Crop Biotech Update

Cells May Stray from 'Central Dogma'

May 20, 2011

Scientist Vivian Cheung at the University of Pennsylvania, Philadelphia and team discovered that the ‘central dogma' of molecular biology, stated as "the sequence of bases encoded in DNA determines the sequence of amino acids that makes up the corresponding proteins", could be more complicated than perceived. The scientists reported that "they have found more than 10,000 locations where the base (A, C, G, or U) in a cell's RNA messages is not the ones expected from the DNA sequences used to make the RNA read-out." When the mismatched RNAs were translated into proteins, the proteins reflected the "incorrect" RNA sequences, rather than that of the underlying DNA.

It has been known that some cells ‘edit' RNA after it has been made to produce a new coding sequence, but the new study implies that such editing happens much more often in human cells than previously perceived. Once the findings of the study are further confirmed by other researchers, it could change the understanding of the cell and the way the scientists study genetic contribution to disease.

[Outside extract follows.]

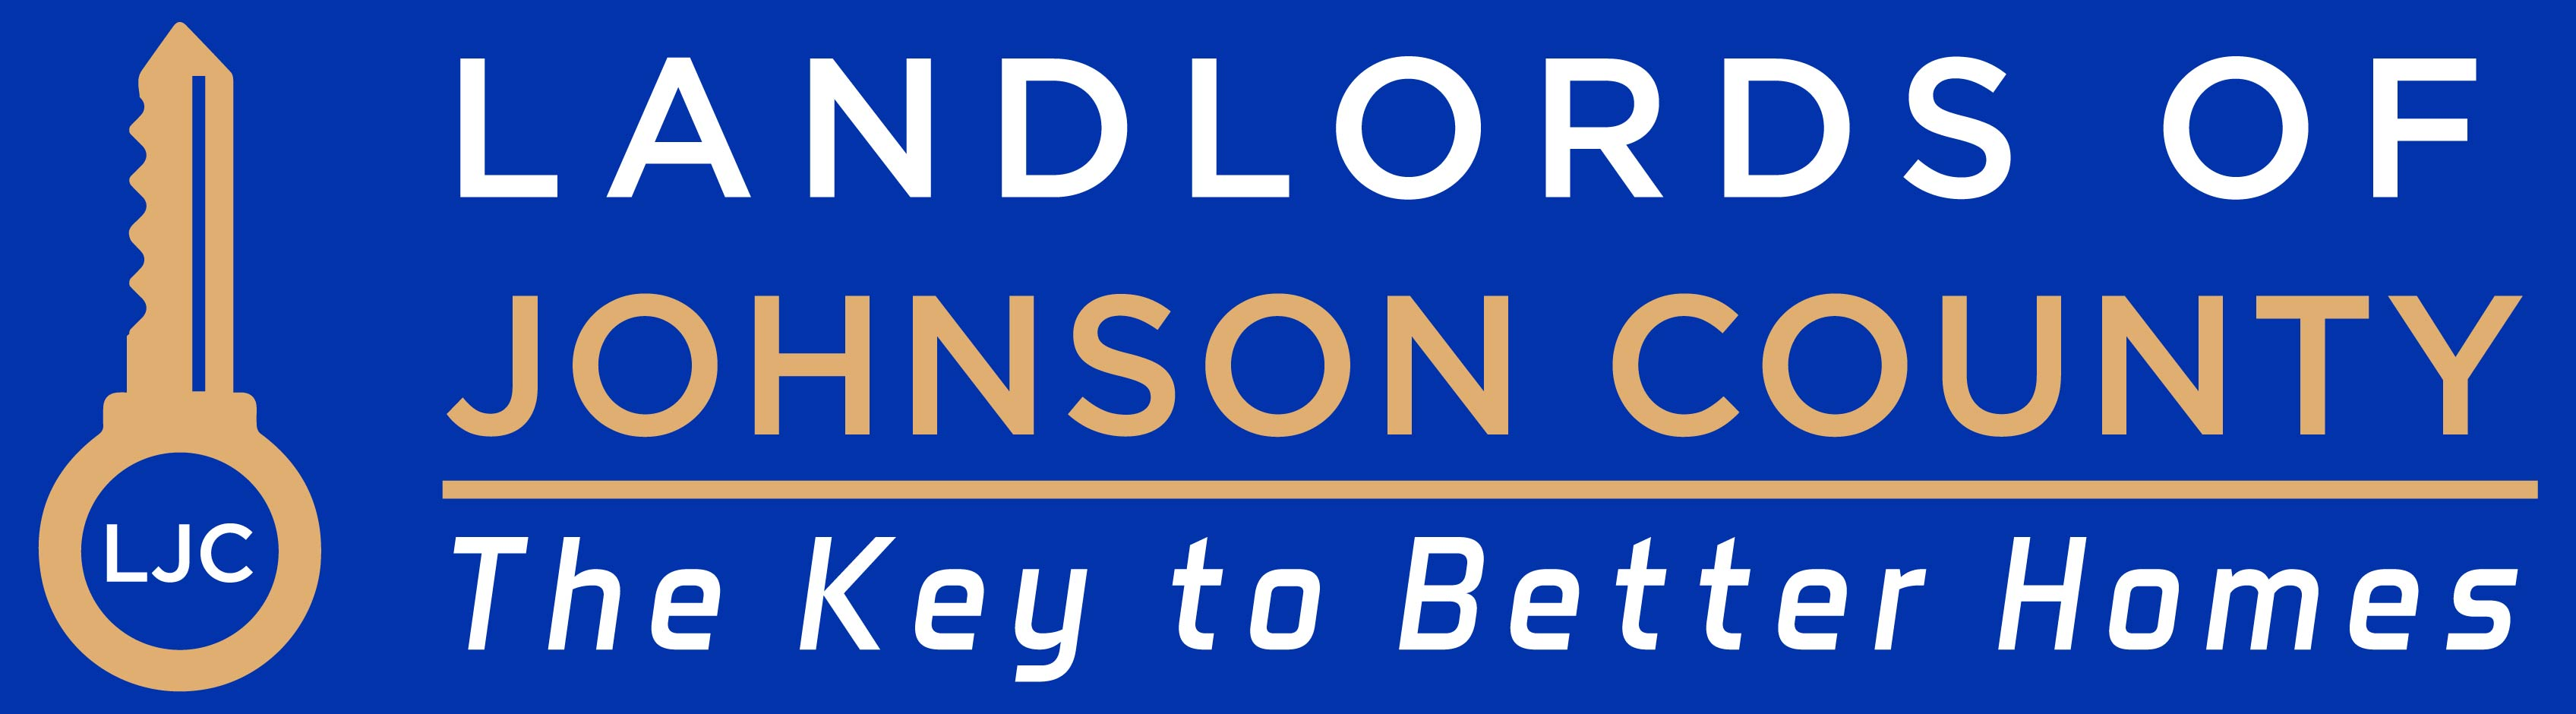 Landlords of Johnson County
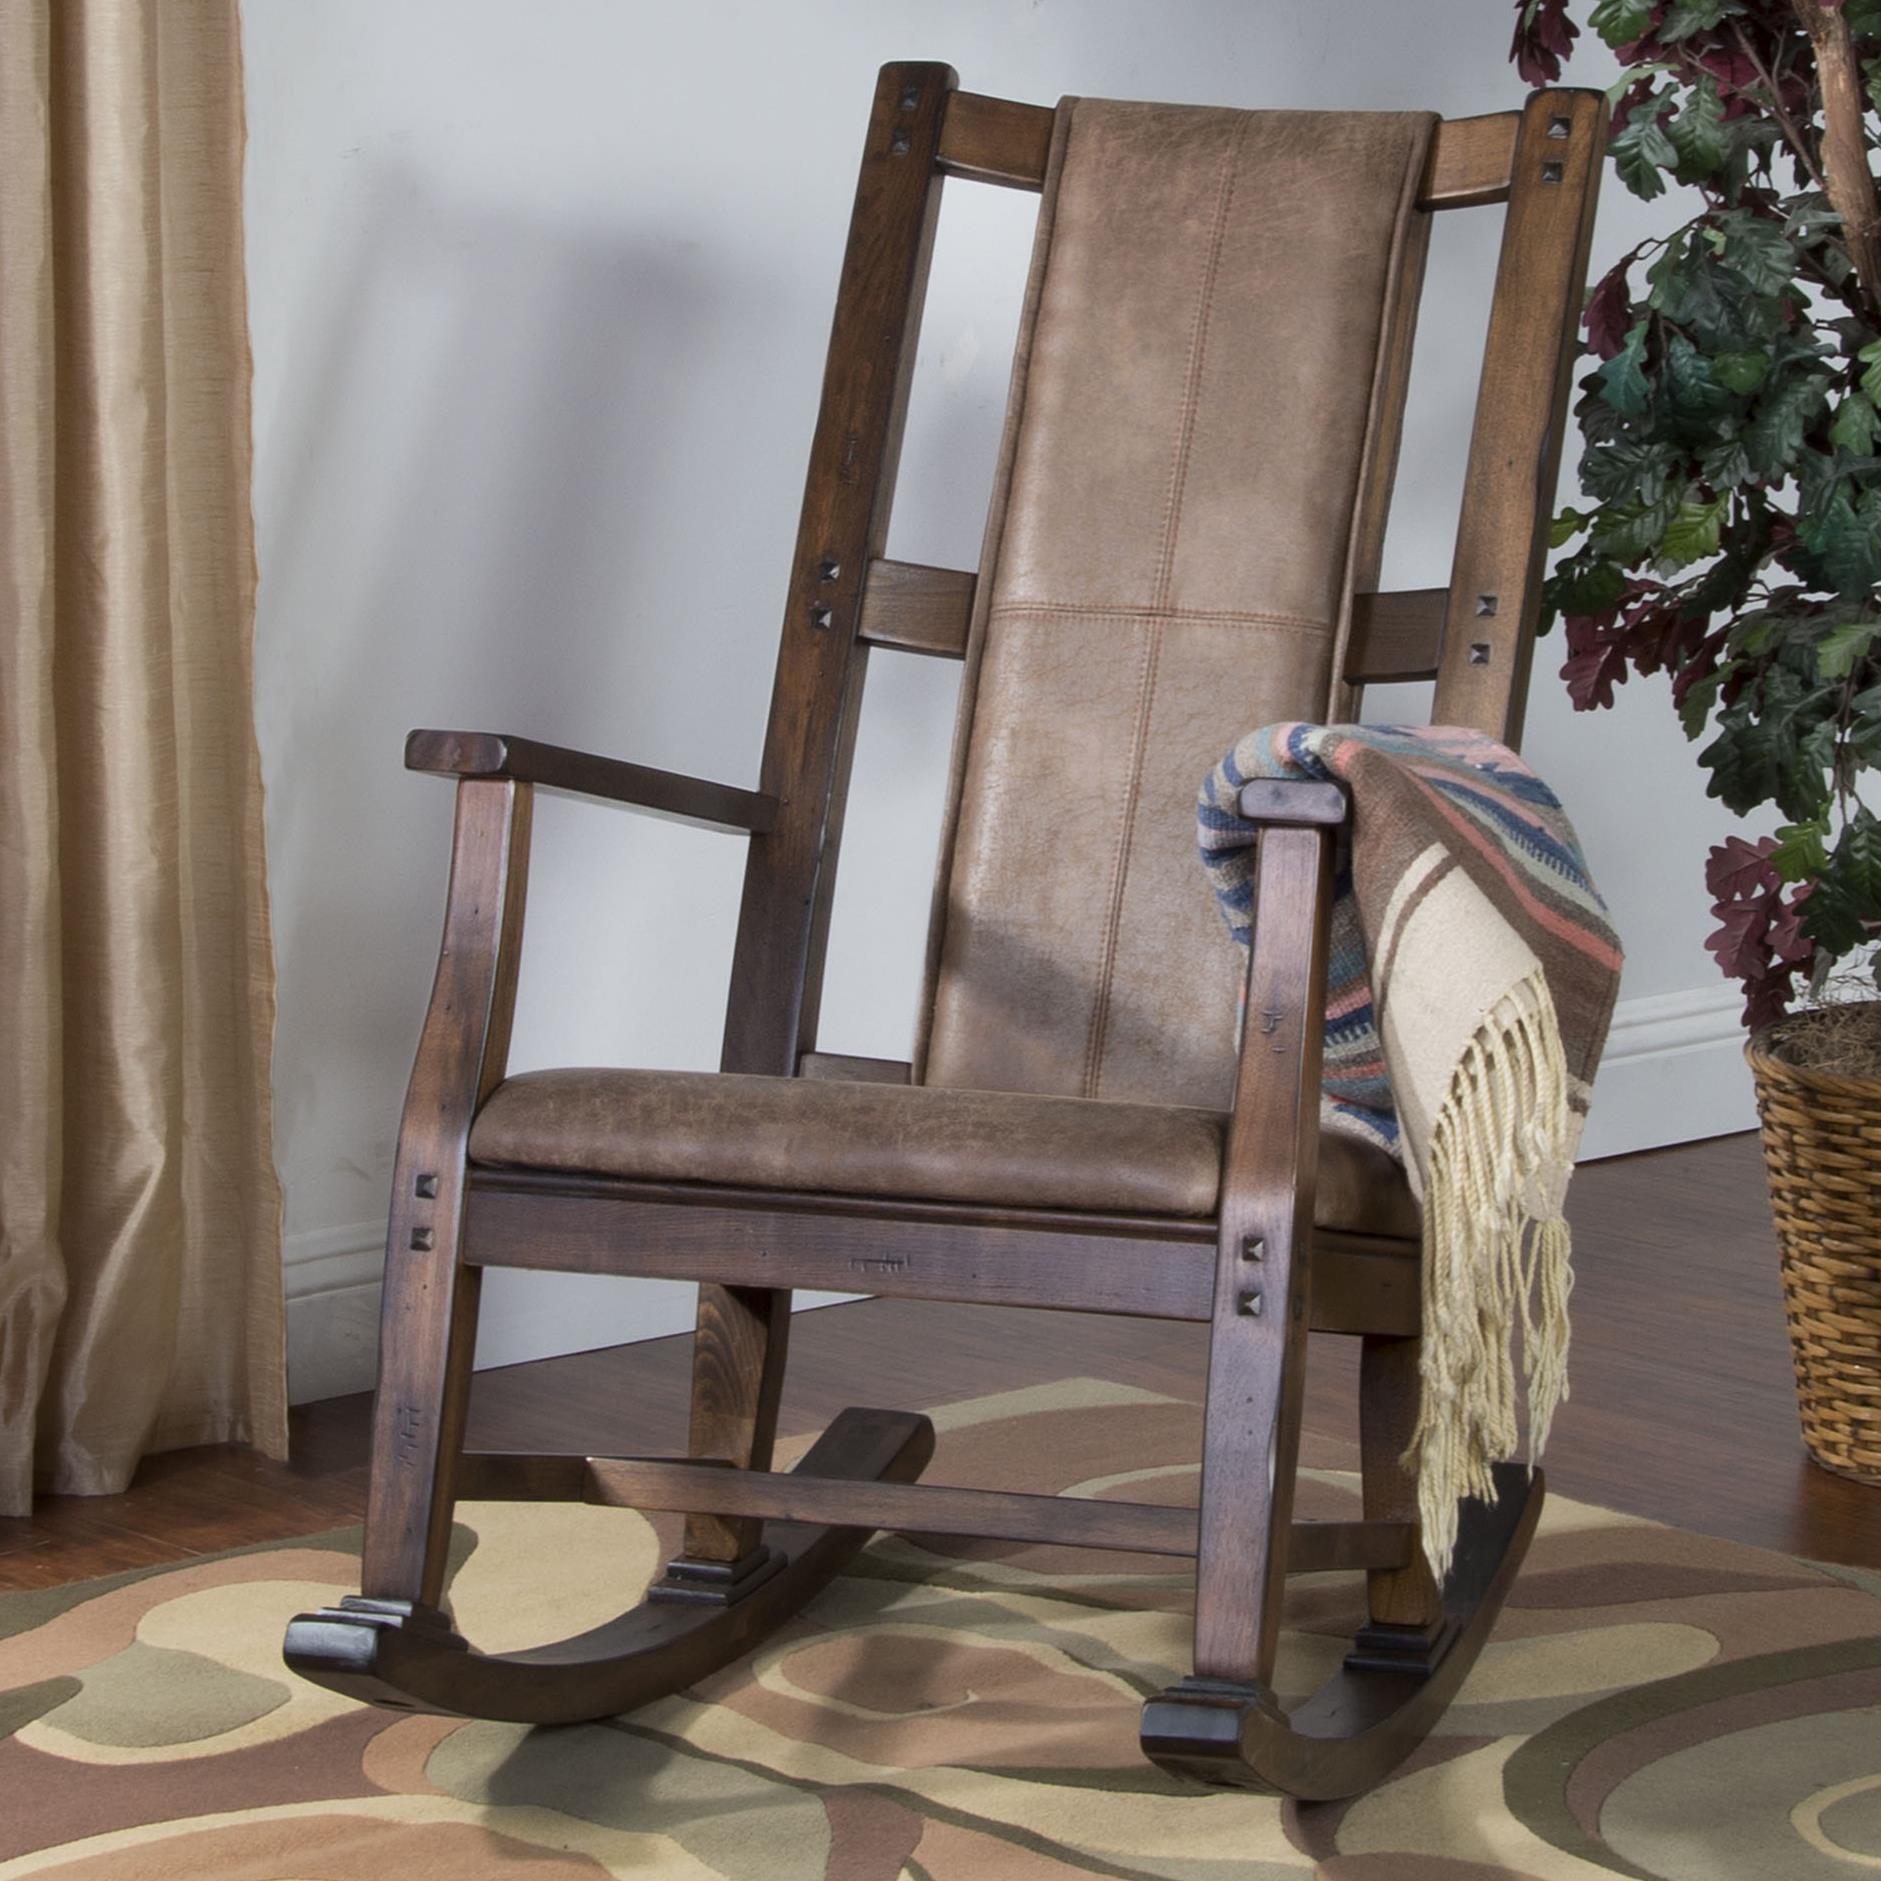 Savannah Rocker w/ Cusion Seat & Back by Sunny Designs at Walker's Furniture

Wistar Institute scientist Kazuko Nishikura, who is not part of the research team, says she was skeptical at first, because some of the base changes could not be explained by previously identified mechanisms. But the scientist was convinced after seeing Cheung's data. "It's really exciting, because this study reports a different variety of RNA editing that is much more widespread than existing mechanisms," said Nishikura.